One thing that I have decided to do sometime this year is to buy a chicken. I know that this sounds crazy to most folks, but really it is something that I have wanted to do for a long time now. And what really sealed this for me was meeting Jenny, my friend who has had a chicken for a long time now and she had a brutally honest discussion with me about this.

I have researched this for a while now and I need to do the following:
1. build a coop... (dad has a 10X20 ft kennel run that would be great) I need to build an elevated coop to keep the roost off of the ground. I also need to build a nesting box to keep her out of the elements and to provide privacy when she wants it
2. find a poultry farm that sells laying hens... ( I am sure that I can find one through a local feed store) (avg price is $3 per hen)
3. make her feel right at home and if I am successful at this she will provide me with a bounty of eggs (2-3) per day!

I am really looking forward to yet ANOTHER way to instill good values in my daughter and living as naturally as possible is a great lesson!

I will be able to kiss goodbuy all the EggLands best that we have been buying for years now!!! LOL

Monday, August 17, 2009

After watching "Julie and Julia"

Today I took my 8 year old daughter to see "Julie and Julia". It was a cute movie.. but more than that it was wonderful to see my daughter beam as she began an interest in Julia Child.

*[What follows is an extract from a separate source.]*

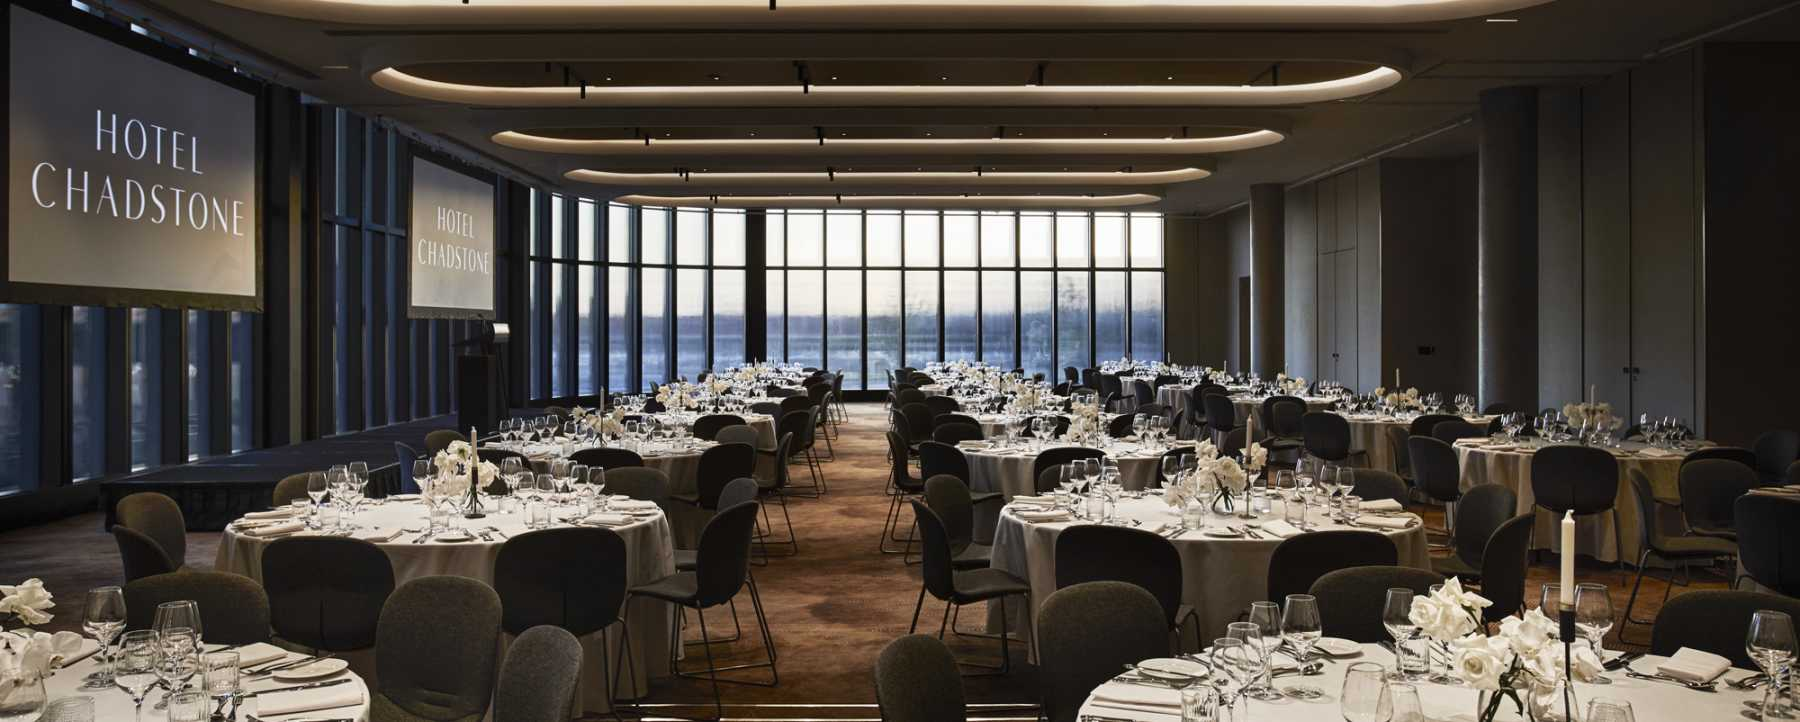 Hotel Chadstone Melbourne - Ballroom
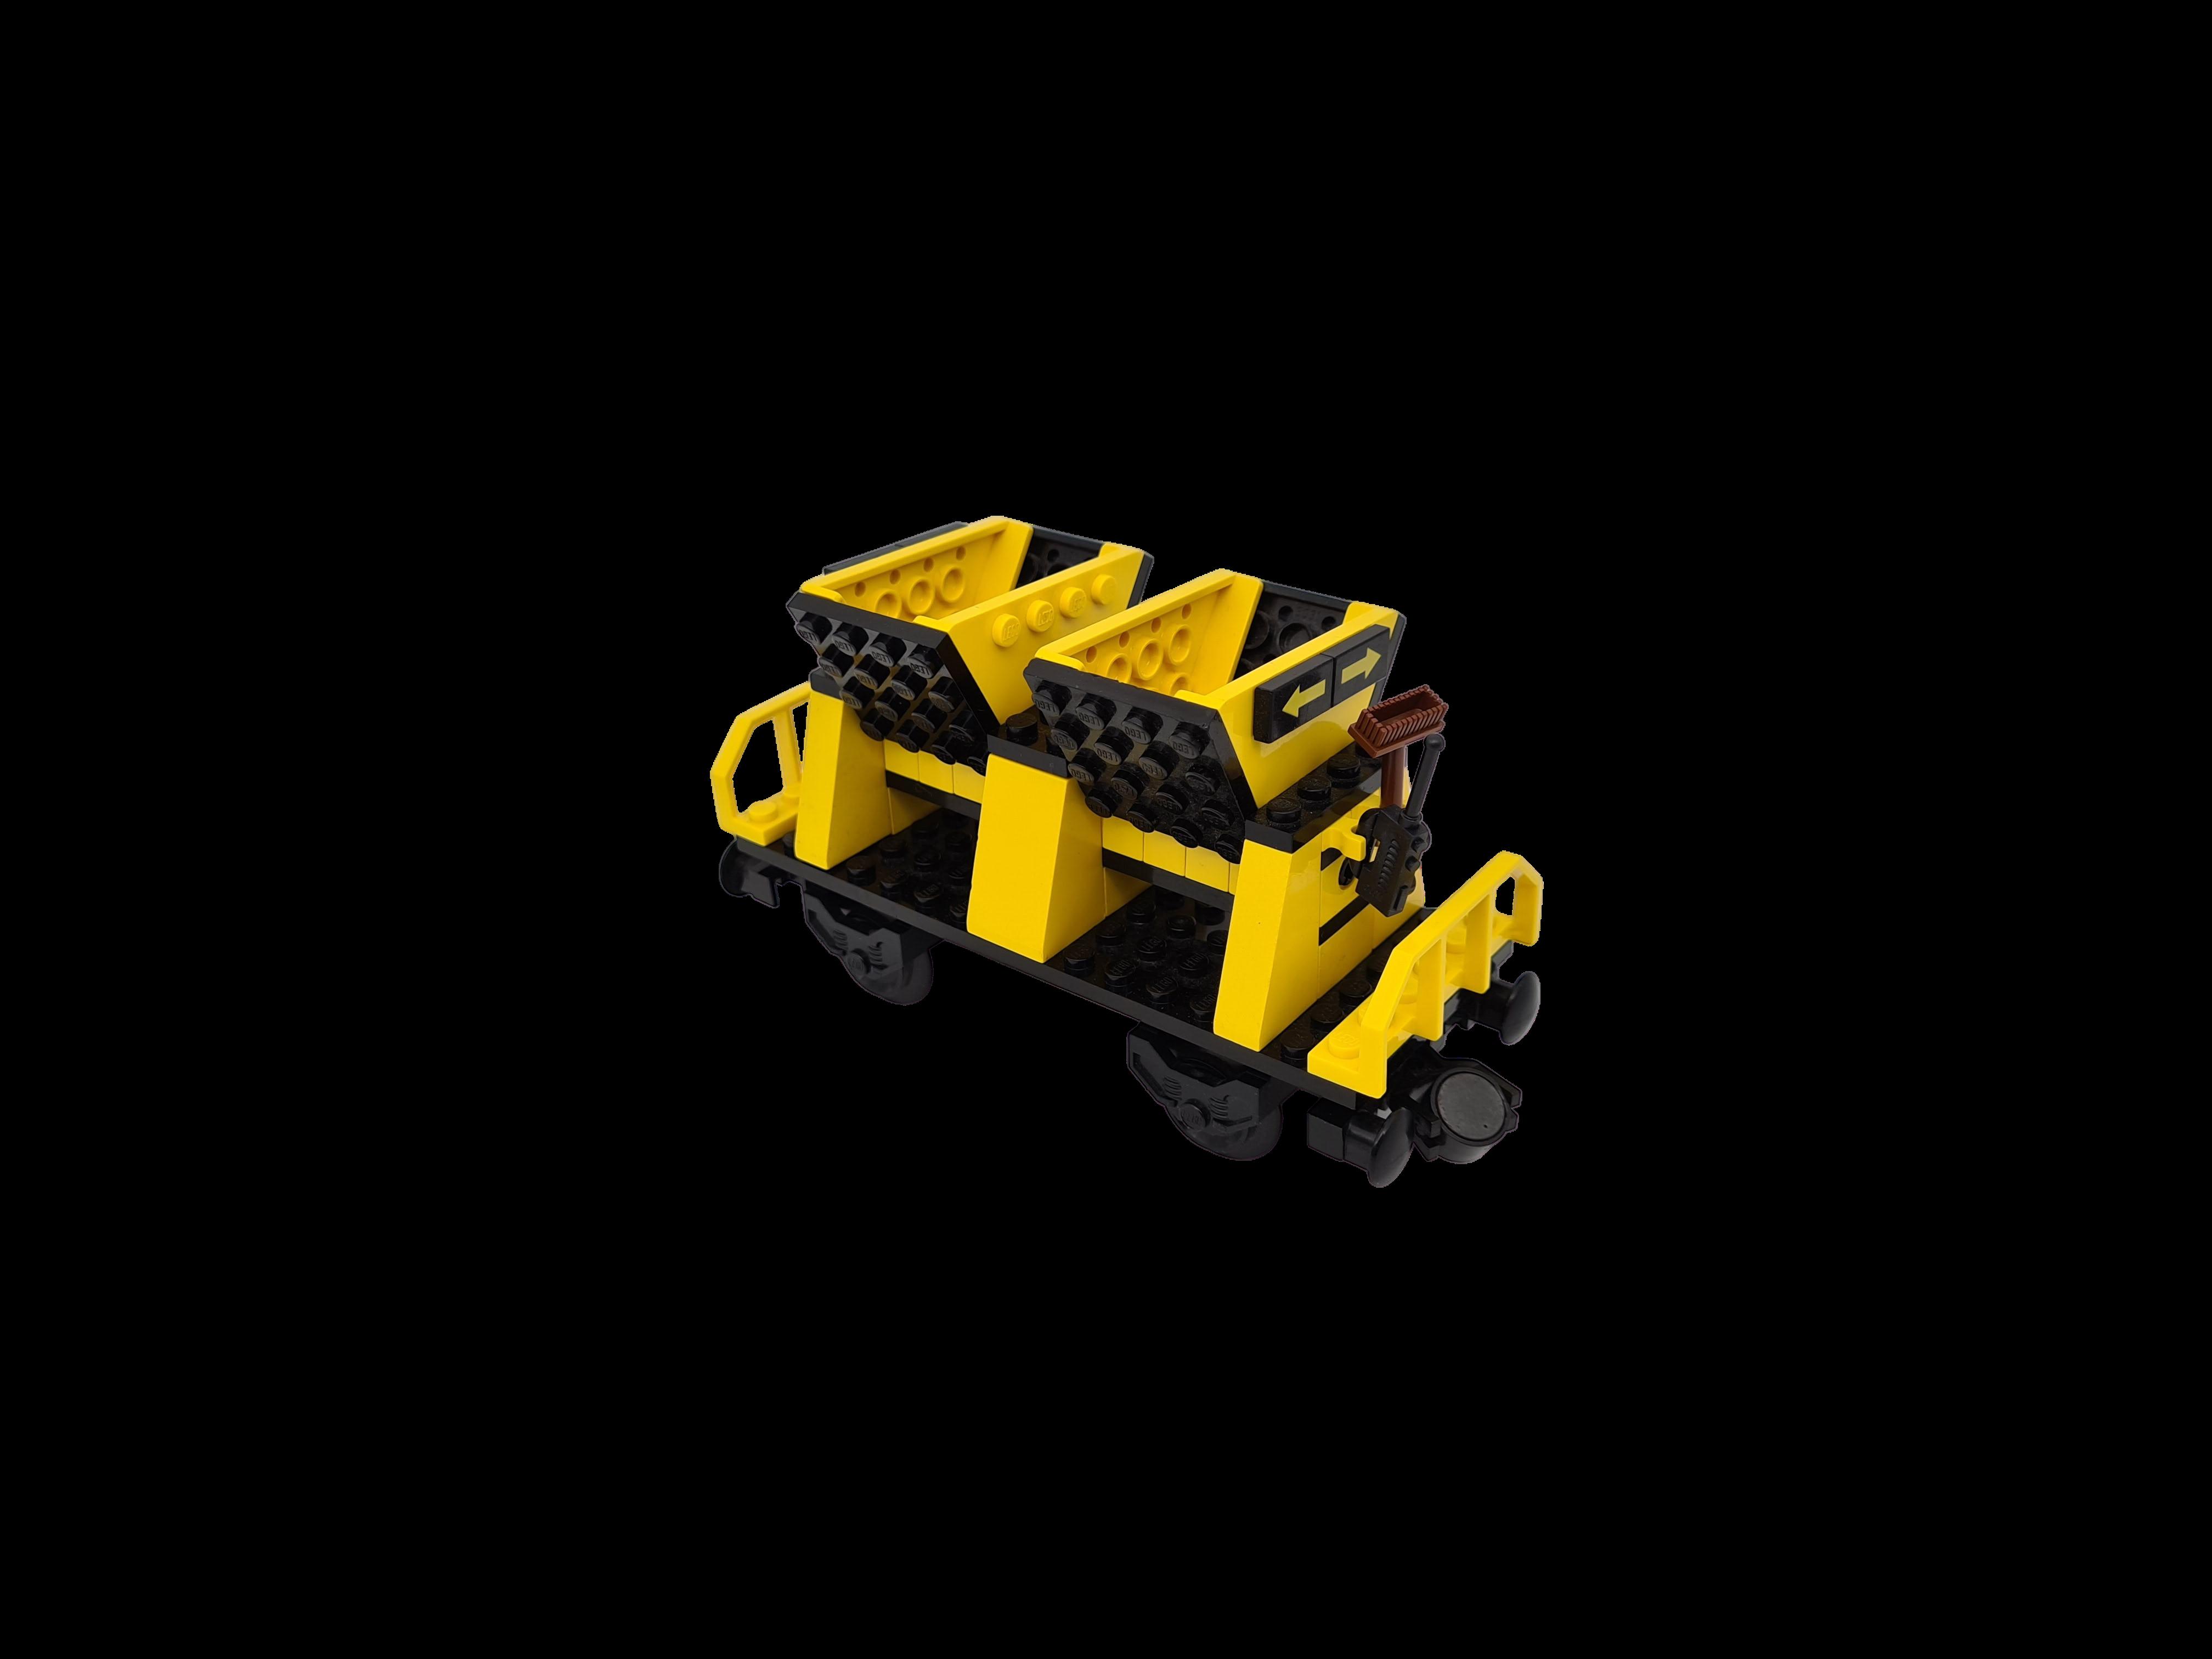 Lego 9V RC Eisenbahn TRAIN Kipper Ladegut Bauteil GELB

Prior to veiwing this movie I am sure that she had no idea who Julia Child was. She could not believe that there were wonderfully entertaining Chefs prior to Rachel Ray and Paula Dean! She came home and had lots to tell my mom about the life and qoutations of Julia Child. She is a mini-me. She loves to learn about interesting people.

We have decided that we need quiche for dinner soon! AND who knows, we might just start to cook our way through a cookbook. Does anyone have any good ideas or recommendations?

I have a great cookbook called "Calling all Cooks" it was written by the wives of the early employees of Southern Bell. It is HUGE, and unlike Julie Powell, I do not think that we will try EVERY recipe. Just the ones that look good to us.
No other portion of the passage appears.